Banks worldwide are being urged to seize a climate adaptation financing opportunity worth up to $9 trillion by 2050, according to new UN-backed guidance that calls for lenders to embed climate resilience into their core strategy, governance, and lending operations.

The “Practical Guidance on Implementing Adaptation and Resilience for Banks,” released Saturday by the United Nations Environment Programme Finance Initiative, outlines a structured roadmap for banks to mitigate mounting climate risks and unlock resilient financing as climate impacts accelerate globally.

The guidance arrives as 2024 was confirmed as the hottest year on record, with global average temperatures breaching the critical 1.5 degrees Celsius threshold for the first time, spurring floods, droughts and wildfires that now pose systemic threats to financial institutions’ portfolios, collateral and clients.

“This is no longer a future issue. Physical climate risks are here now — and banks that fail to act risk not only financial losses but missed market opportunities,” said Alice Anders, lead author of the report and UNEP FI official.

Climate Risk Becomes Core Banking Risk

The 80-page report, developed with major lenders including Crédit Agricole, ING, Rabobank and Standard Chartered, emphasizes that banks face direct and indirect risks from climate change, ranging from rising non-performing loans due to asset damage to falling collateral values and growing insurance gaps.

The report further advised banks to move beyond basic risk identification and integrate climate adaptation into credit risk models, governance structures, customer engagement and financial product innovation.

This includes assessing hazard exposure, client vulnerability, and adaptive capacity using a “physical climate risk equation” that reflects both immediate and long-term threats.

The report, however, warns that maladaptation — adaptation efforts that increase harm elsewhere — is a rising concern and calls on banks to apply “Do No Significant Harm” principles to financing decisions.

Six Key Imperatives for Adaptation Finance

The UNEP FI guidance identifies six strategic imperatives for banks:

  1. Tailor Adaptation to Local Needs: Climate risk is contextual; banks must assess local policy, market and sector-specific risks to act effectively.
  2. Embed in Core Strategy: Adaptation must be integrated into governance, risk, lending and product development — not treated as a standalone effort.
  3. Innovate Products and Portfolios: Lenders should support clients with tailored financing, including sustainability-linked loans and resilience-linked lending criteria.
  4. Prioritize Client Engagement: Banks are encouraged to proactively support clients’ adaptation efforts and assess adaptive capacity during onboarding.
  5. Champion Systemic Resilience: Banks can co-finance resilient infrastructure and influence broader policy through public-private partnerships.
  6. Progress Iteratively: Institutions are urged to begin with practical steps and scale up as capabilities and data access improve.

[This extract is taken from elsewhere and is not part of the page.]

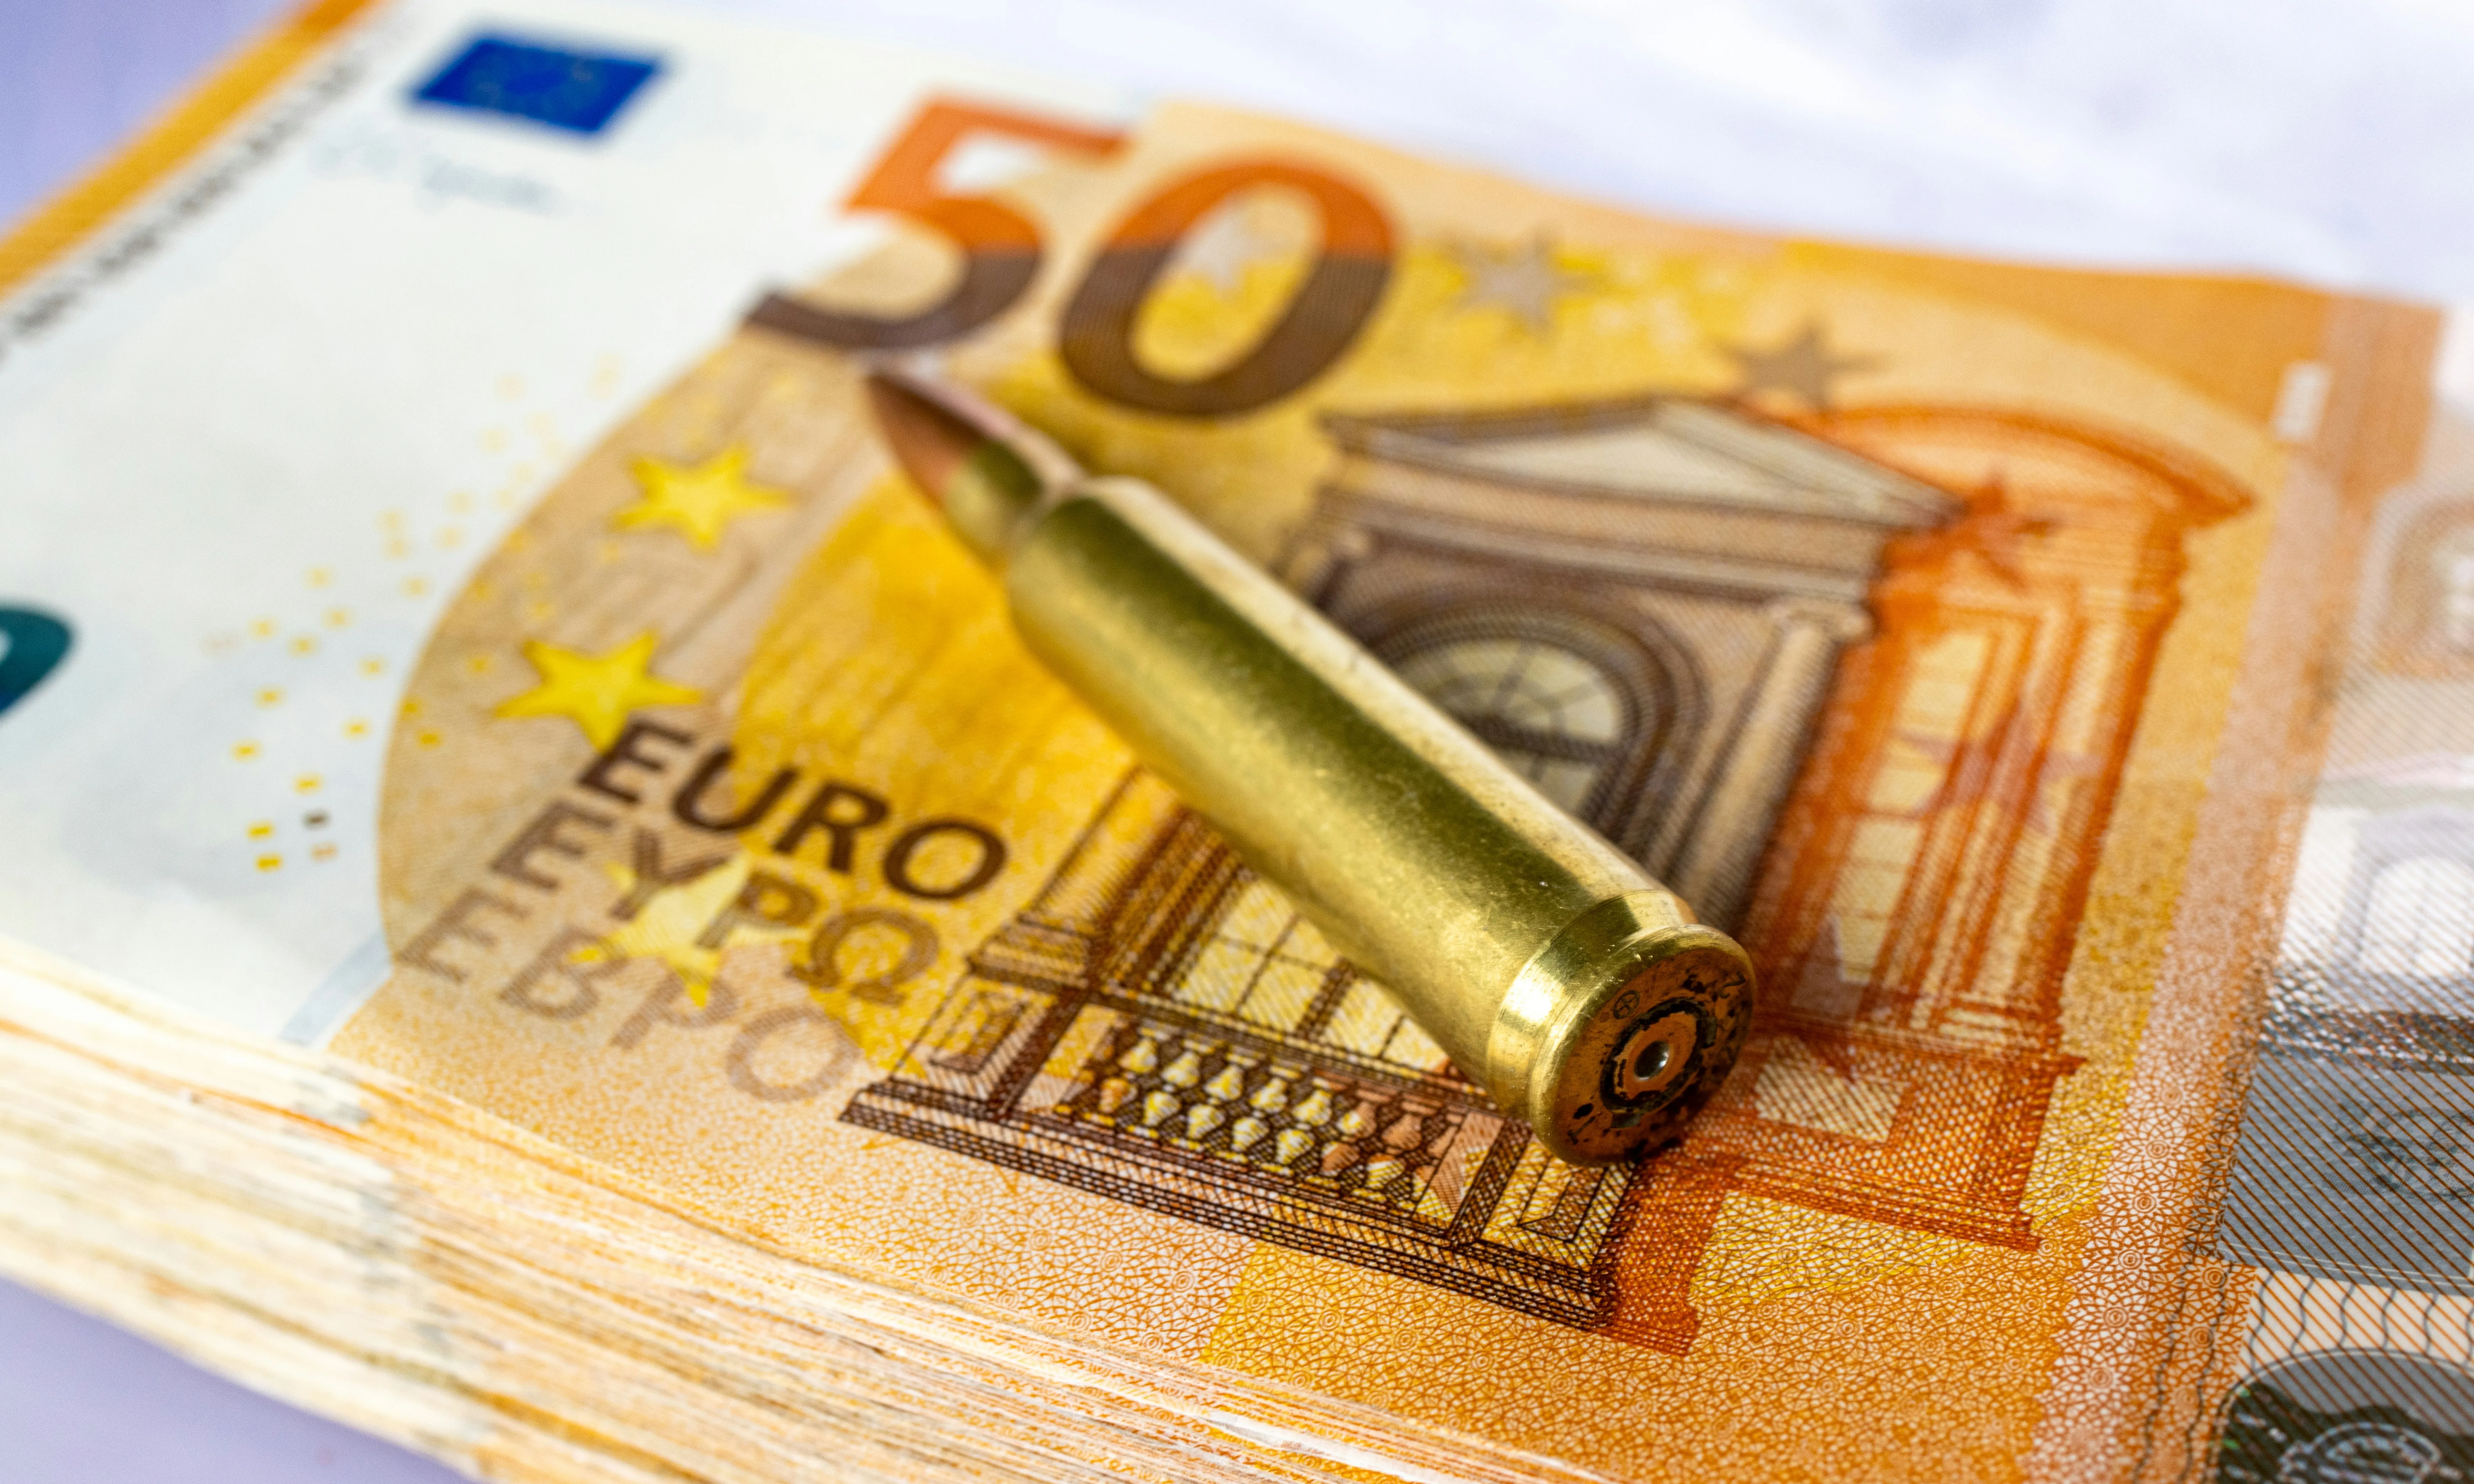 Des del 7 d’octubre, el Govern espanyol ha aprovat la compra d’armament israelià per més de mil milions d’euros.

From Strategy to Execution

The guidance breaks down climate resilience implementation into three core pillars: assessment, strategy and action, reinforced by a fourth “continuous improvement” cycle.

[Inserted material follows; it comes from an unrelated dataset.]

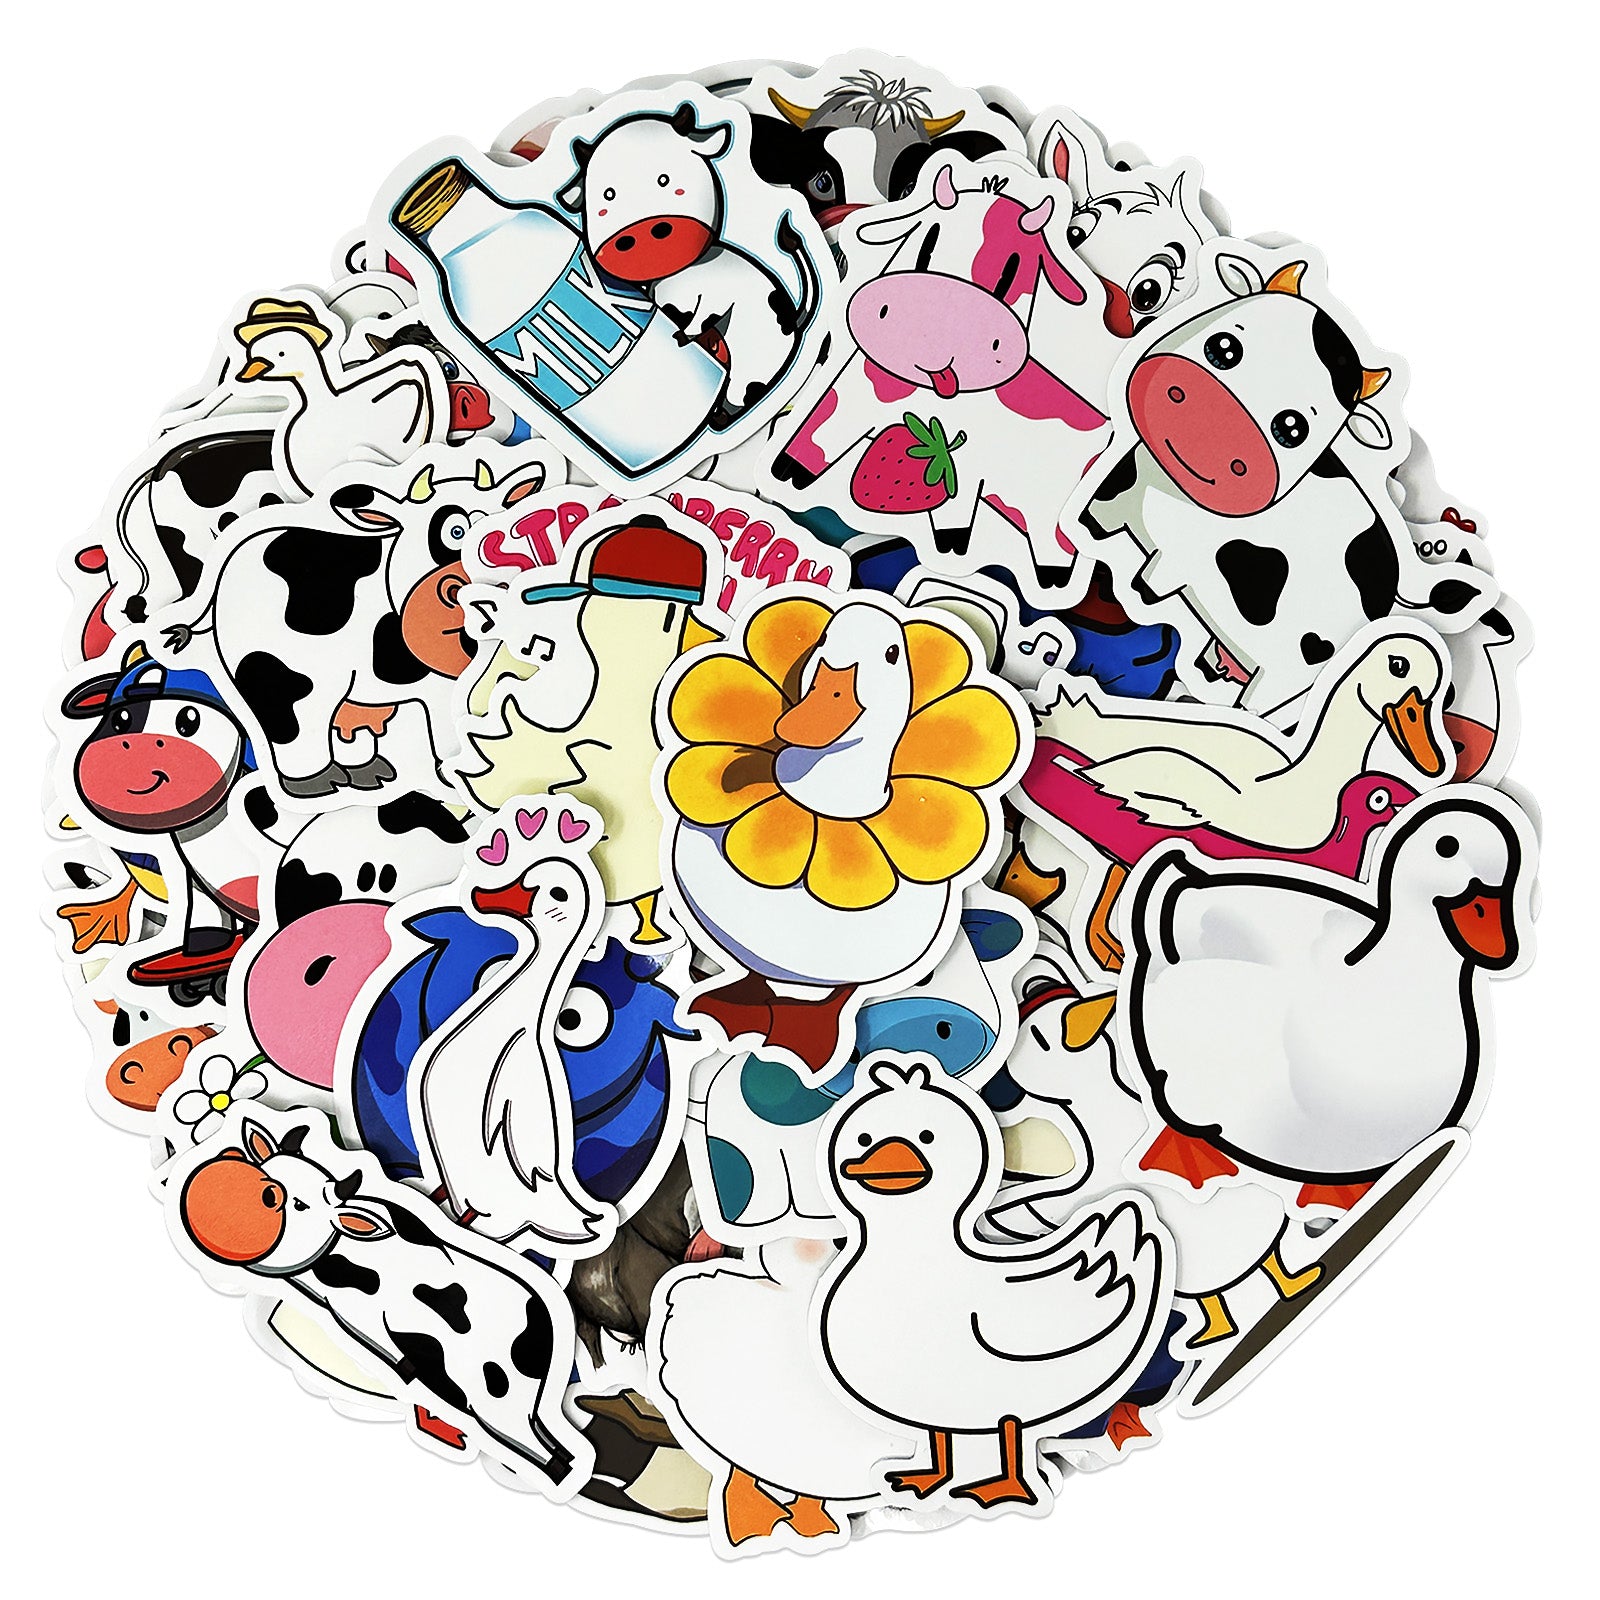 Cute Animal Stickers for Kids, Teens- 100PCS Premium Waterproof Vinyl  Kawaii Aesthetic Stickers for Water Bottles

Banks are advised to begin by assessing physical climate risks using available data, sectoral vulnerability analyses and scenario planning tools and to progressively deepen assessments through direct client engagement and asset-level analysis.

From there, institutions are encouraged to define their strategies by aligning with national adaptation plans, setting measurable targets, and embedding accountability through effective governance and incentives.

Action involves reshaping portfolios, revising underwriting standards, supporting clients, and enhancing disclosures using emerging standards such as International Financial Reporting Standards S2.

Real Estate and Agriculture in Focus

The report highlights real estate and agriculture — sectors particularly vulnerable to climate impacts — as key priorities for adaptation lending.

UNEP FI suggests that banks can finance climate-resilient buildings, drought-resistant crops, nature-based solutions, and early warning systems, all while tapping into public-private blended finance.

Market Signals and Peer Pressure Mount

With regulators, including the European Central Bank and Bank of England, sharpening expectations on climate risk management, the guidance also helps banks prepare for potential legal liabilities and supervisory scrutiny.

Disclosure expectations are rapidly evolving, with pressure mounting to align with global standards such as the Task Force on Climate-related Financial Disclosures and the forthcoming Transition Plan Taskforce in the UK.

“Adaptation finance is fast becoming a competitive differentiator. Banks that lead will not only reduce downside risk — they will grow new business lines, build trust and enable systemic resilience,” the report concludes.